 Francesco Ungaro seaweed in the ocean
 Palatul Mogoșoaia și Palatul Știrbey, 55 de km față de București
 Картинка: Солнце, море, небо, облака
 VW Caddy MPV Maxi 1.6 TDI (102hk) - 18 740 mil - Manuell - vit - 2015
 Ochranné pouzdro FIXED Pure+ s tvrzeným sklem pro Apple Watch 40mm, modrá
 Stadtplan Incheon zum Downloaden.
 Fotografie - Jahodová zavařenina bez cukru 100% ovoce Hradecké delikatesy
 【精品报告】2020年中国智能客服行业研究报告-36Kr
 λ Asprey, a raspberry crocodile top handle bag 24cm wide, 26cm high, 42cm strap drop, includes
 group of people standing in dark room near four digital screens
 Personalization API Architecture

▶ About this task: With the line containing "Palatul Mogoșoaia și" as the first and the final line of the entries above as the last, write out that span exactly and nothing more.

▶ Exercise response:
 Palatul Mogoșoaia și Palatul Știrbey, 55 de km față de București
 Картинка: Солнце, море, небо, облака
 VW Caddy MPV Maxi 1.6 TDI (102hk) - 18 740 mil - Manuell - vit - 2015
 Ochranné pouzdro FIXED Pure+ s tvrzeným sklem pro Apple Watch 40mm, modrá
 Stadtplan Incheon zum Downloaden.
 Fotografie - Jahodová zavařenina bez cukru 100% ovoce Hradecké delikatesy
 【精品报告】2020年中国智能客服行业研究报告-36Kr
 λ Asprey, a raspberry crocodile top handle bag 24cm wide, 26cm high, 42cm strap drop, includes
 group of people standing in dark room near four digital screens
 Personalization API Architecture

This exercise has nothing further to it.